The study was conducted according to the standard method, for which pieces of skin (test objects) taken posthumously from donor corpses in an unsterile setting, or tail fragments of rats (the material most infected under natural conditions) were placed in glass containers and poured with the proposed medium, the content of sulfosalicylic acid in which was 0.25% -0.5% -0.7%. Containers with test objects were hermetically sealed and transferred to storage in a refrigerator with a temperature regime of + 5 ° C. On days 1, 2, 3, 5, 7, in compliance with aseptic rules, test objects were removed from the medium, placed in sterile tubes or Petri dishes with nutrient medium and sent for examination to a bacteriological laboratory, where they were kept in an thermostat at +37 ° C for 7 days. In total, the microflora of 450 test objects was studied, distributed depending on the concentration of sulfosalicylic acid into three groups. The degree of antimicrobial activity was judged by the delay or lack of growth of microflora. Before sterilization, it was found that the test material was contaminated with mixed microflora, in which prevailed: staphylococcus - 93.5%; gram-negative spore bacillus - 73.1%; mold - 69.2%; E. coli - 62.3%; streptococcus - 19.6%; Proteus - 17.7%; Pseudomonas aeruginosa - 10.8%. Yeast was found in 1.1% of studies, anaerobic bacillus in 0.4%.
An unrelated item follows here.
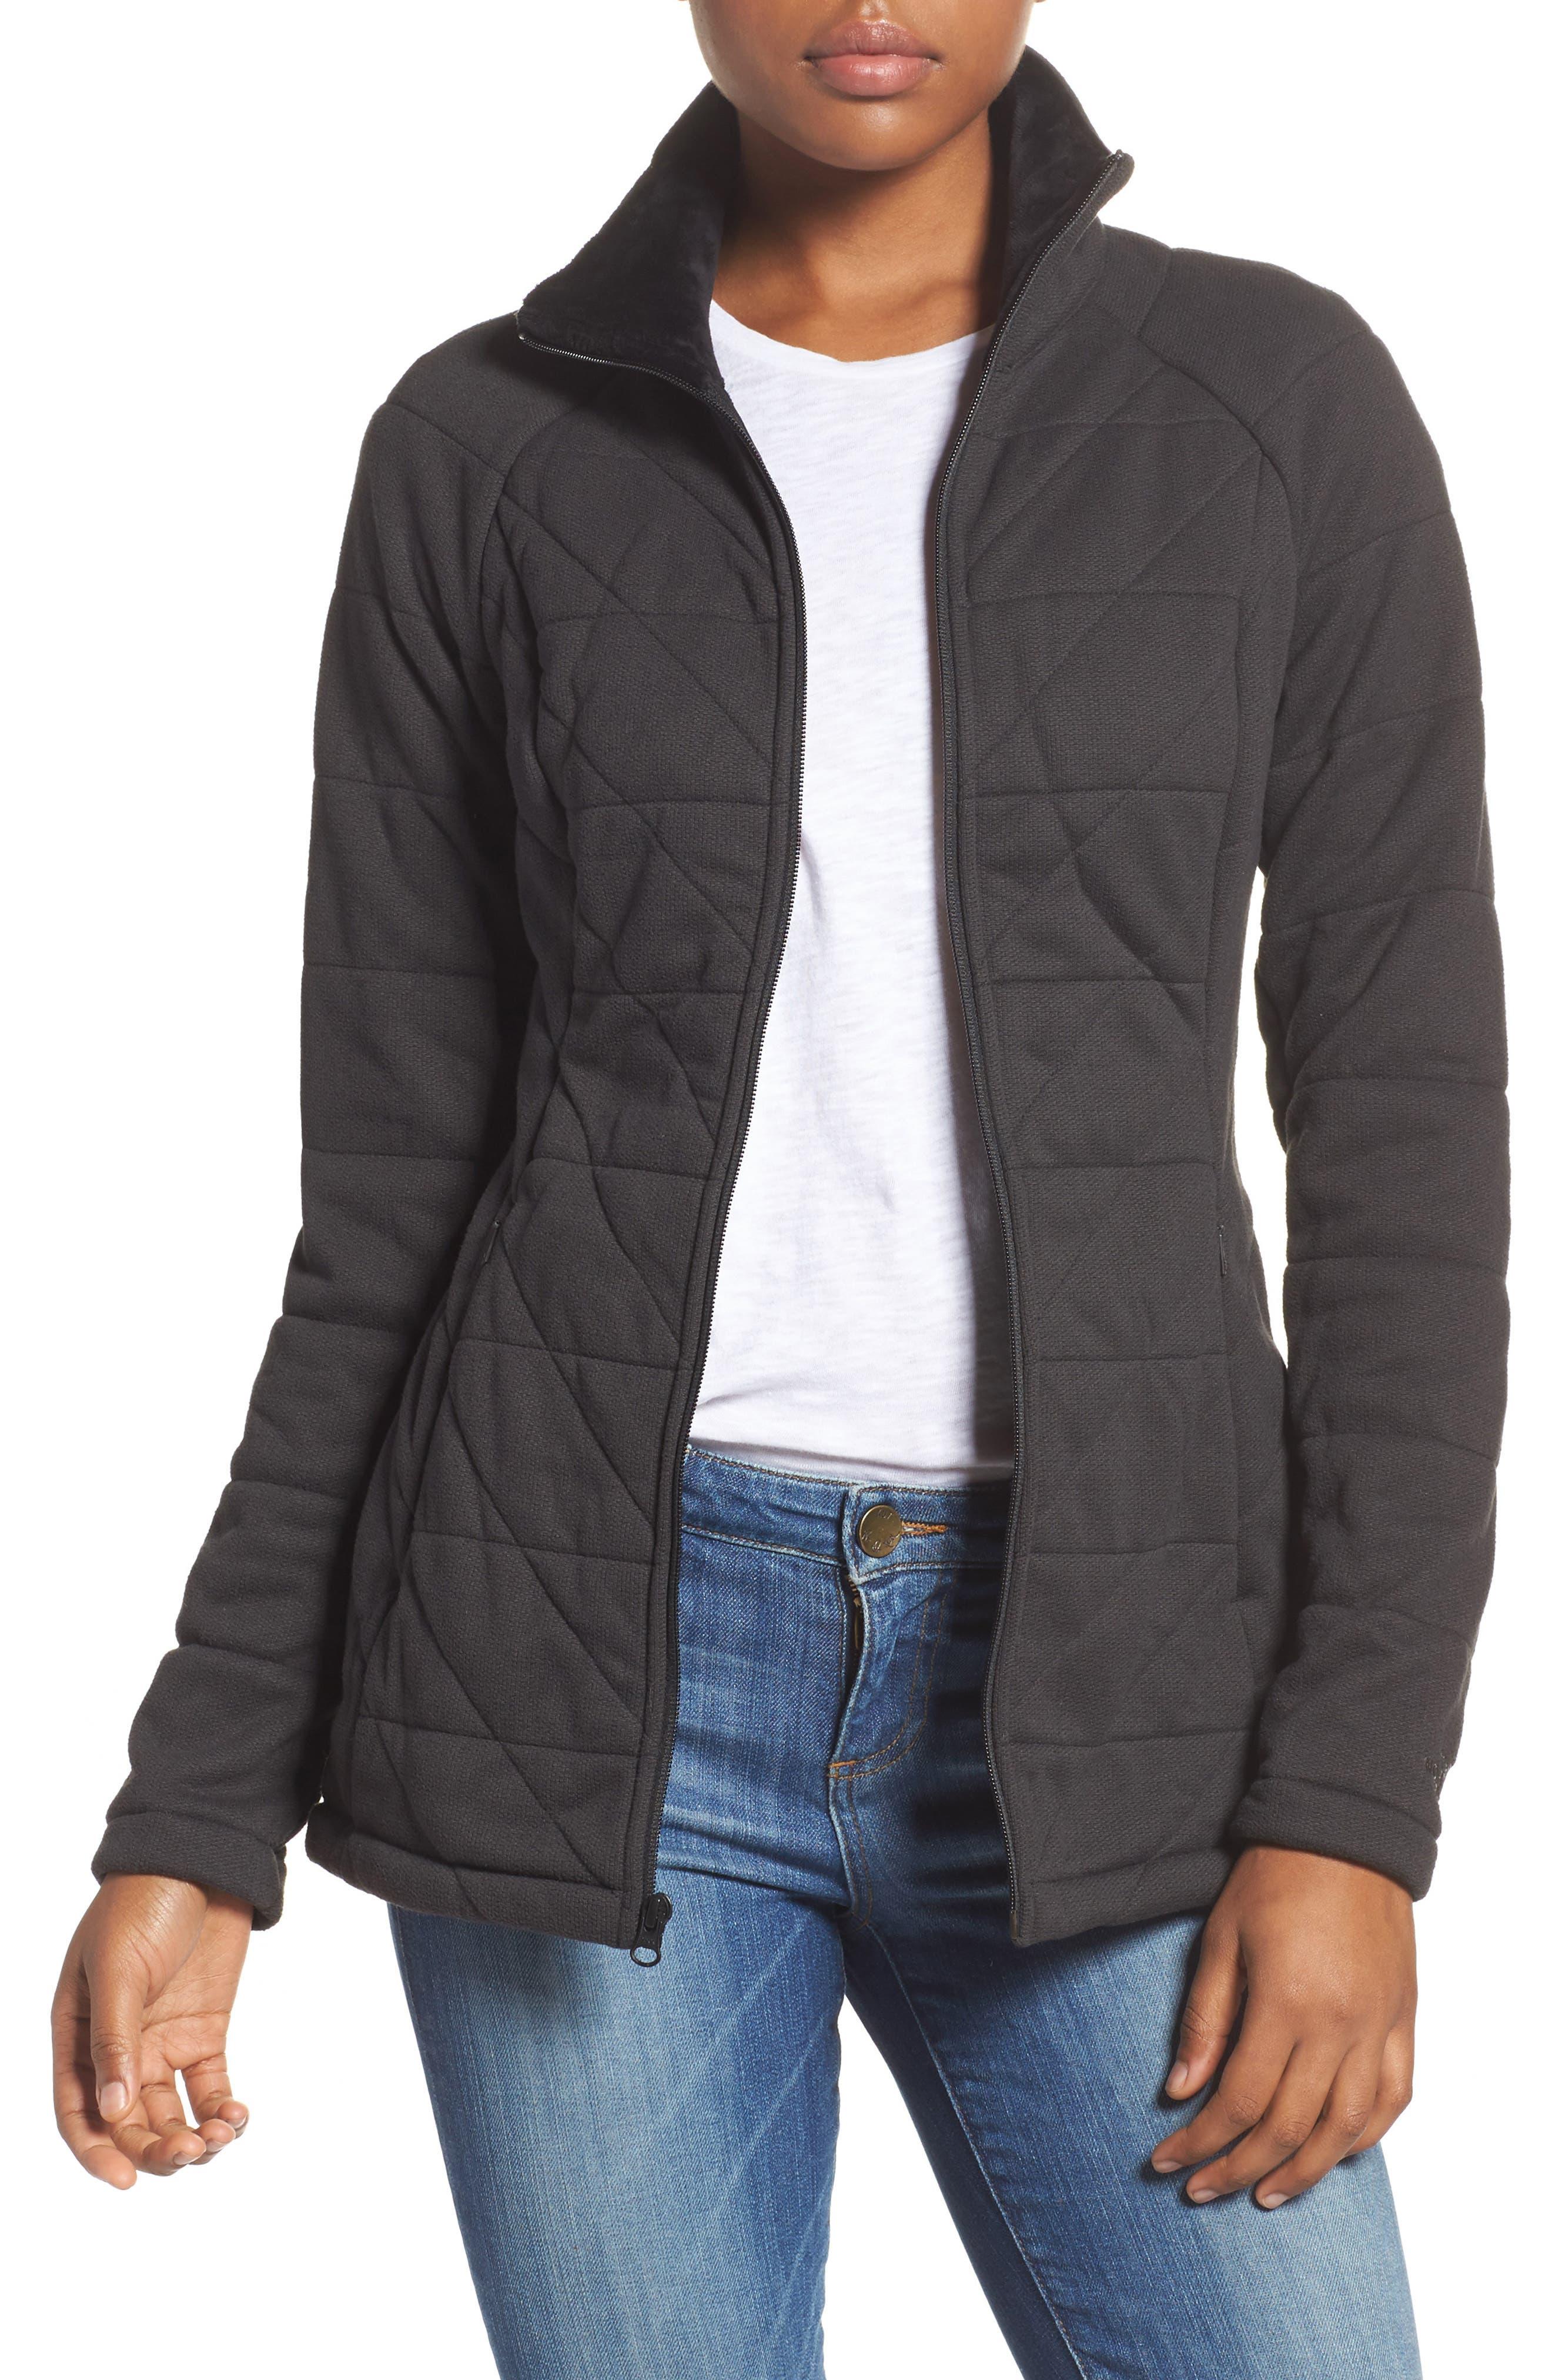 Main Image - The North Face Fleece Jacket

As can be seen from the table, 0.25% solution of sulfosalicylic acid has weak antimicrobial activity and is unsuitable for sterilization of biological tissues. The best results were obtained after sterilization of test objects with 0.5% and 0.7% acid solutions on the 3rd and 5th day of preservation of biological products at 4 ° C.

The experiment, therefore, showed the undoubted suitability of 0.5% -0.7% concentrations of sulfosalicylic acid for the preparation of biotransplants intended for clinical use.
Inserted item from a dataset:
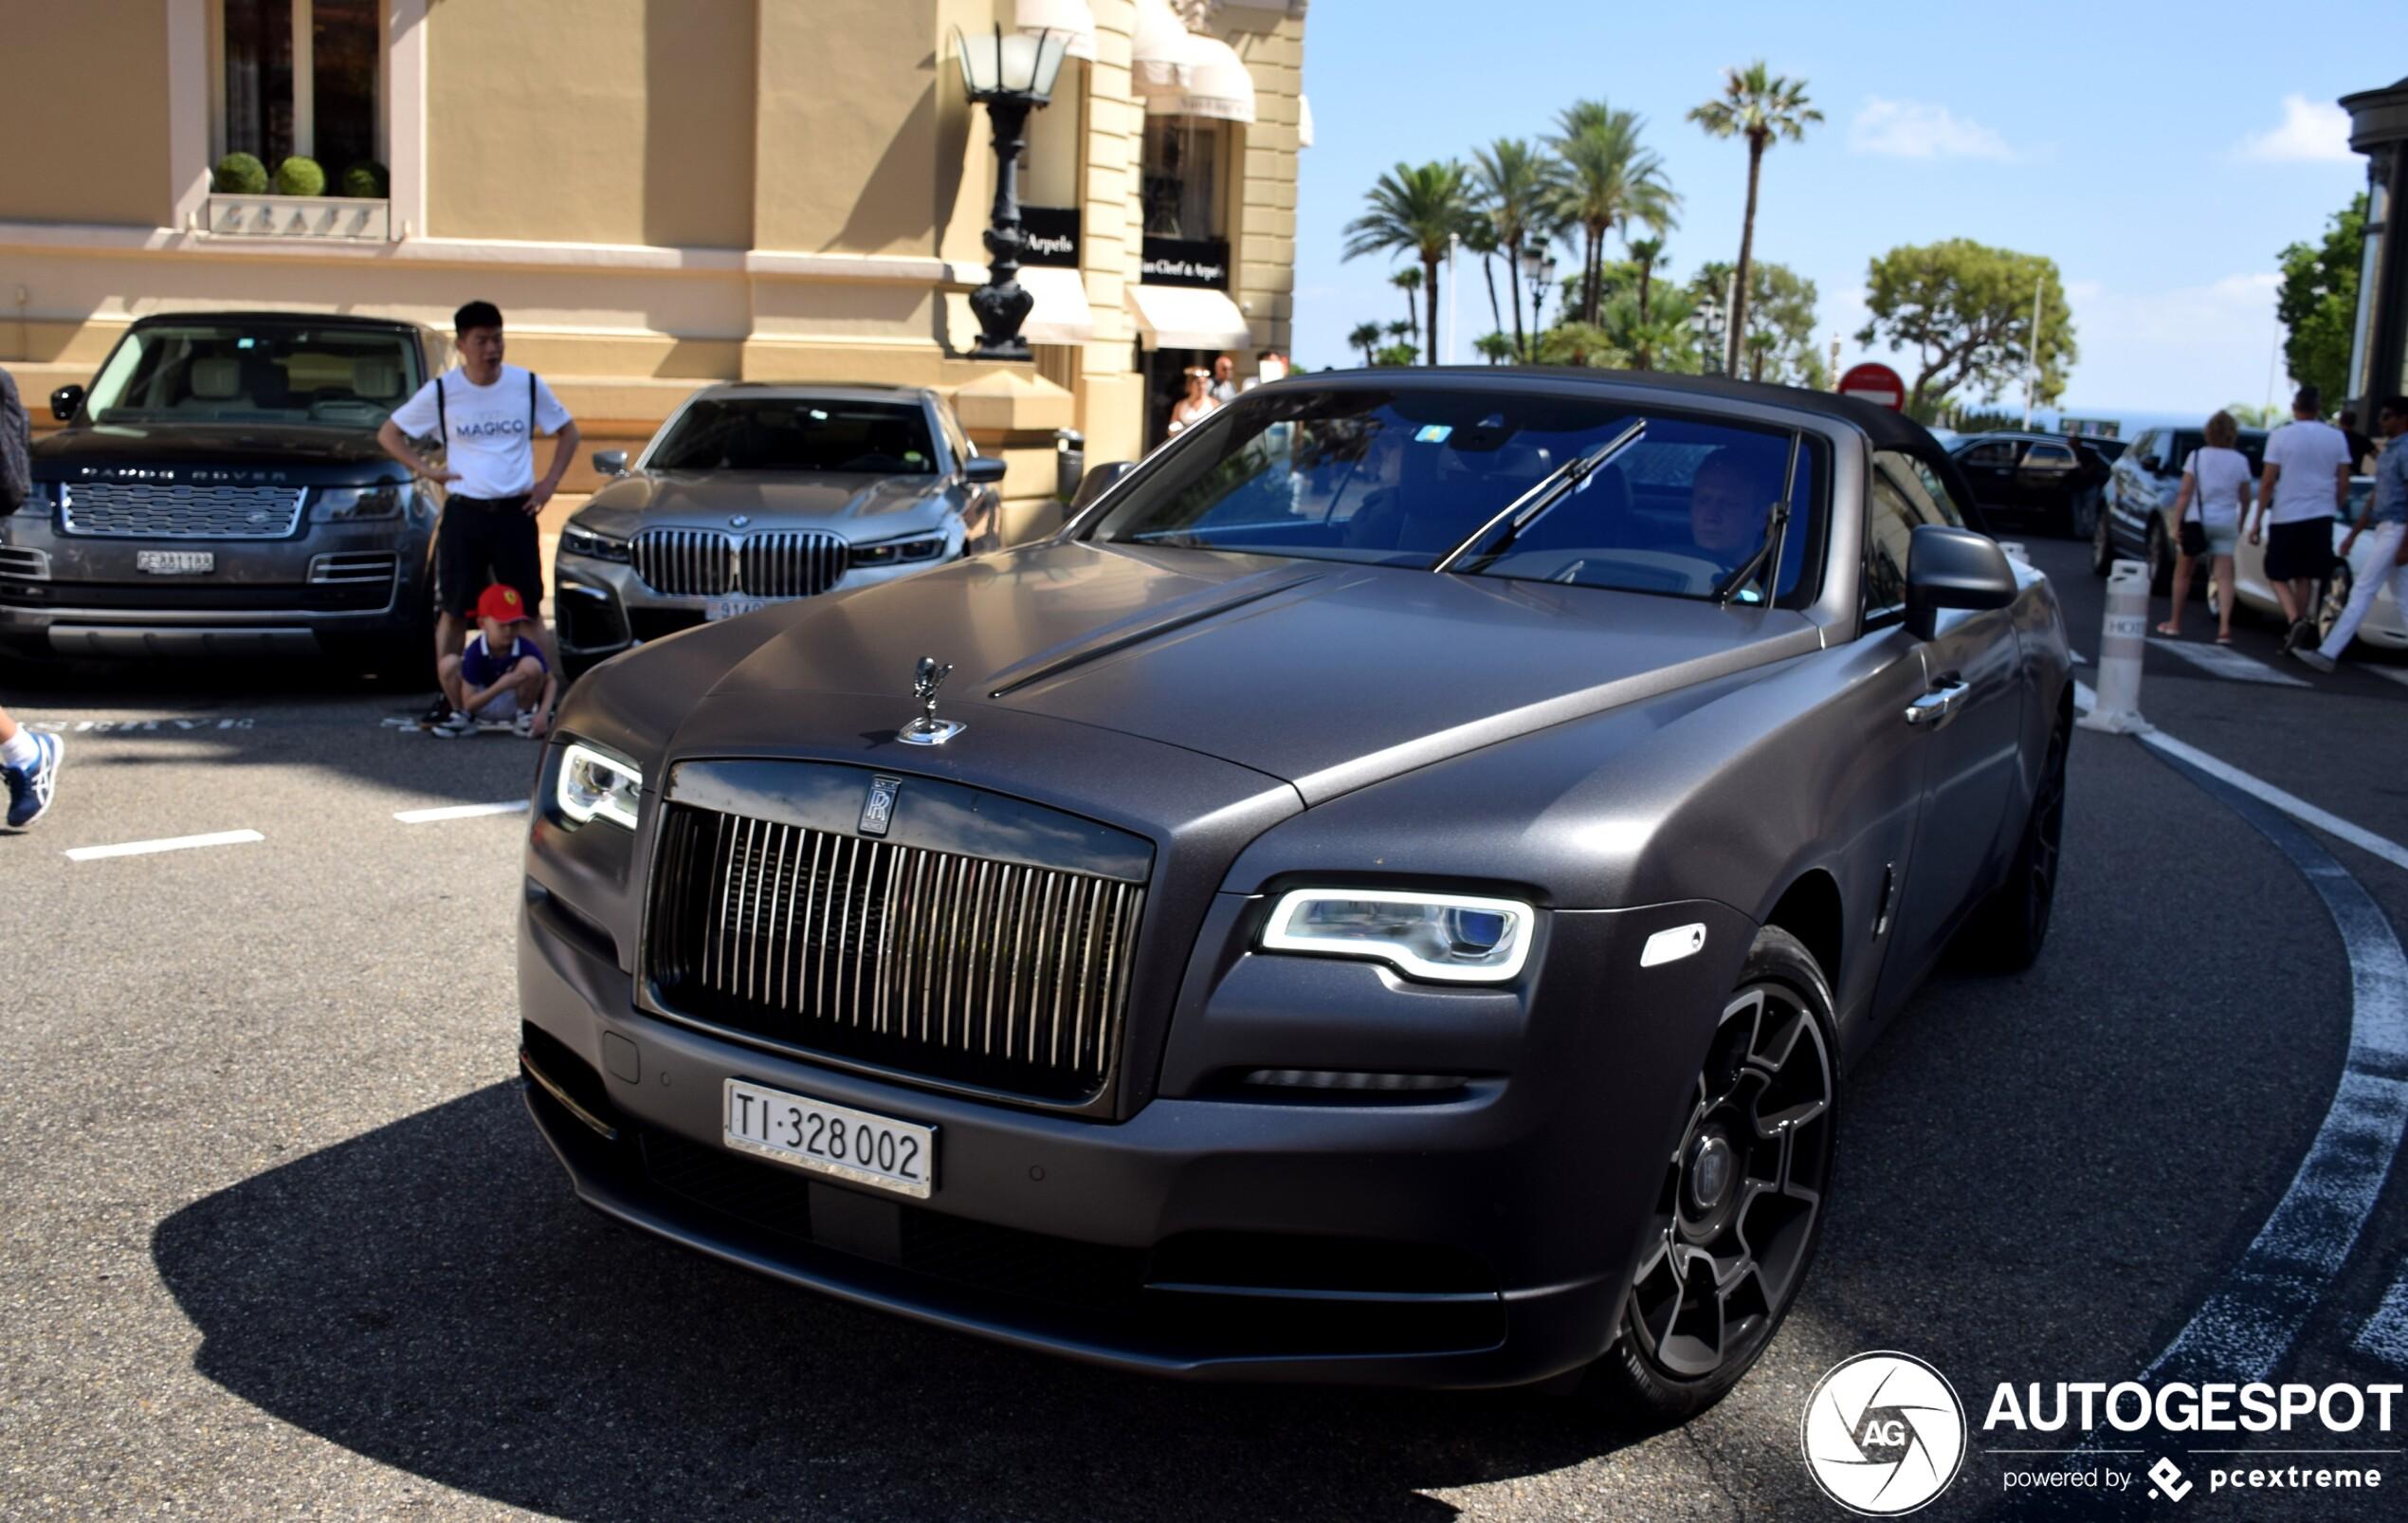 The best-looking Rolls Royce's of the week.

2. The study of osteoinductive activity of bone grafts, sterilized and canned by the proposed method.

The experiment was conducted on 75 outbred rats and 44 rabbits. Ectopic transplantations into the thigh muscle tissue were performed in rats, orthotopic transplantations in the radius defect were performed in rabbits. Bone tissue was demineralized in 0.6 N. hydrochloric acid solution and after washing it was preserved by the method proposed in the application. The terms of preservation of the grafts did not exceed one month at + 5 ° C. In a control series of experiments, demineralized bone grafts were preserved in a gel-containing medium containing formalin (0.25%) and the antibiotic kanamycin (0.05 g per 100 ml). The operated animals were killed at 15; thirty; 60 and 90 days in accordance with the rules set forth in the order of the Ministry of Health of the USSR No. 755 of 12.08. 77 years old. The preparations taken from them were studied macroscopically, radiologically and histologically with hematoxylin-eosin and picrofuxin staining.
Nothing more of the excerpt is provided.